Like monopolies, subsidies can lead to rent seeking and have distortionary effects, so they should scarcely be a first resort. Some economists, such as Paul Romer, painfully aware of these negative side effects, have proposed to avoid some of these distortions by narrowly targeted subsidies — for example, to graduate students, who, the evidence suggests, are key instruments in the process of innovation. Others, such as Andreas Irmen and Martin Hellwig, suggest that broad subsides to investment in general- interest-rate subsidies, for example — are likely to be the least distortionary. Yet others, such as Michael Kremer, suggest that prizes awarded after the fact create greater incentives to innovate. Nancy Gallini and Suzanne Scotchmer go further and compare various subsidization methods in their recent work. Their technical analysis is beyond the scope of this book, but the bottom line remains: various intelligent forms of subsidizing basic research and even applied invention exist, and an appropriate mix can be found that would greatly improve upon patents and copyright.

I’m not sure if the comparison to video rentals and public libraries helps or hurts their case. This seems like a good case for making everything public domain, but one argument you might make about libraries is that if you want the convenience of having your own copy of a book, you should pay more for that. I’m not sure how this translates to a digital world, where the digital version of a library should be just as convenient as the private alternative…

Video rental stores and libraries, of course, reduce originator profits and hurt innovation, but that is a utilitarian concern. What is of more ethical concern is that whenever, for example, someone borrows a book from the public library instead of buying a book, he has deprived the author of the fruits of his labor and participated in reducing the author’s power to control his self-expression. Thus, if it is immoral to violate a book’s copyright, so too it would seem to be immoral to use public libraries. Libraries are not illegal, but the law’s injustice would be no reason for a moral person to do unjust things. The existence of children’s sections would be particularly heinous, as encouraging children to steal.

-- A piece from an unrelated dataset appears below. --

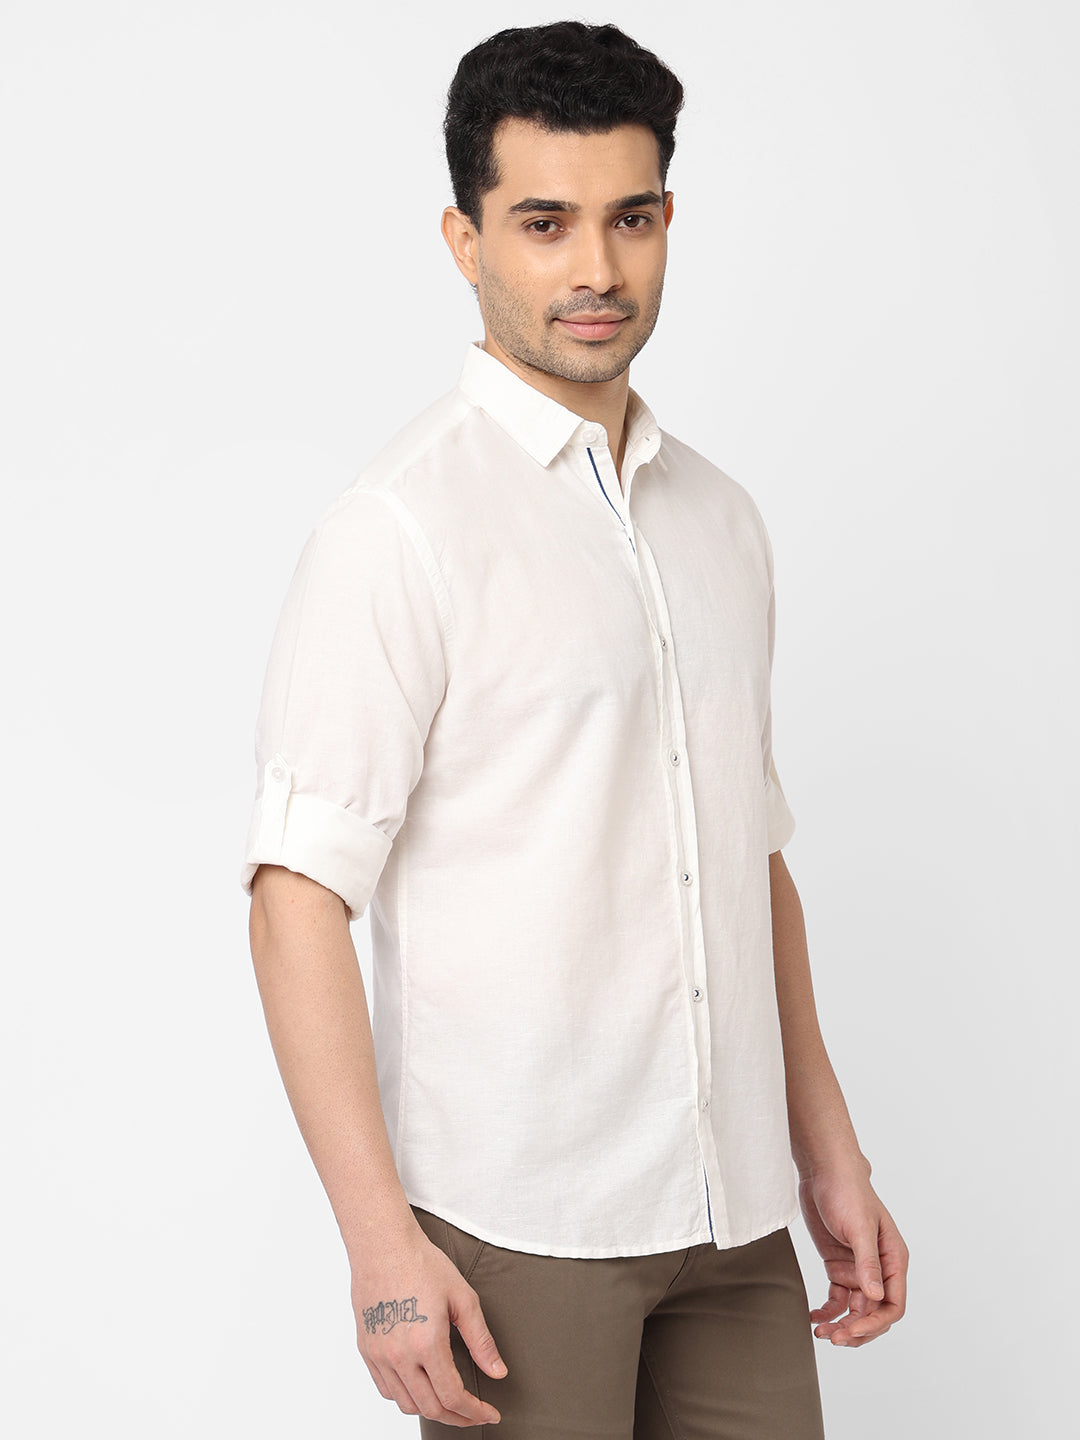 Men's White Linen Cotton Slim Fit Shirt

This line of thinking, though only a few years old, sounds much more suspect today (I’m not sure the verdict on free global trade / liquidity of labor supply is as clear in 2019):

This dialectic we used to call economic progress, and, after a few centuries of intellectual debate and numerous wars, Western societies came to understand that restricting international trade was damaging because protectionism prevents economic progress and fosters international tensions leading to conflict. Since at least the late Middle Ages, the battle has been between the forces of progress, individual freedom, competition, and free trade and the forces of stagnation, regulation of individual actions, monopoly, and trade protection. Now that the intellectual and political battle over free trade of physical goods seems won, and an increasing number of less advanced countries are joining the progressive ranks of free-trading nations, pressure to make intellectual property protection stronger is mounting in those very same countries that advocate free trade. This is not coincidence.

I can’t say I recommend Intellectual Monopoly, but I can say that making it all the way through this book myself gave me a few more examples/counterexamples that will inform future thinking and writing I do about IP in an economy that is increasingly comprised of information goods and services.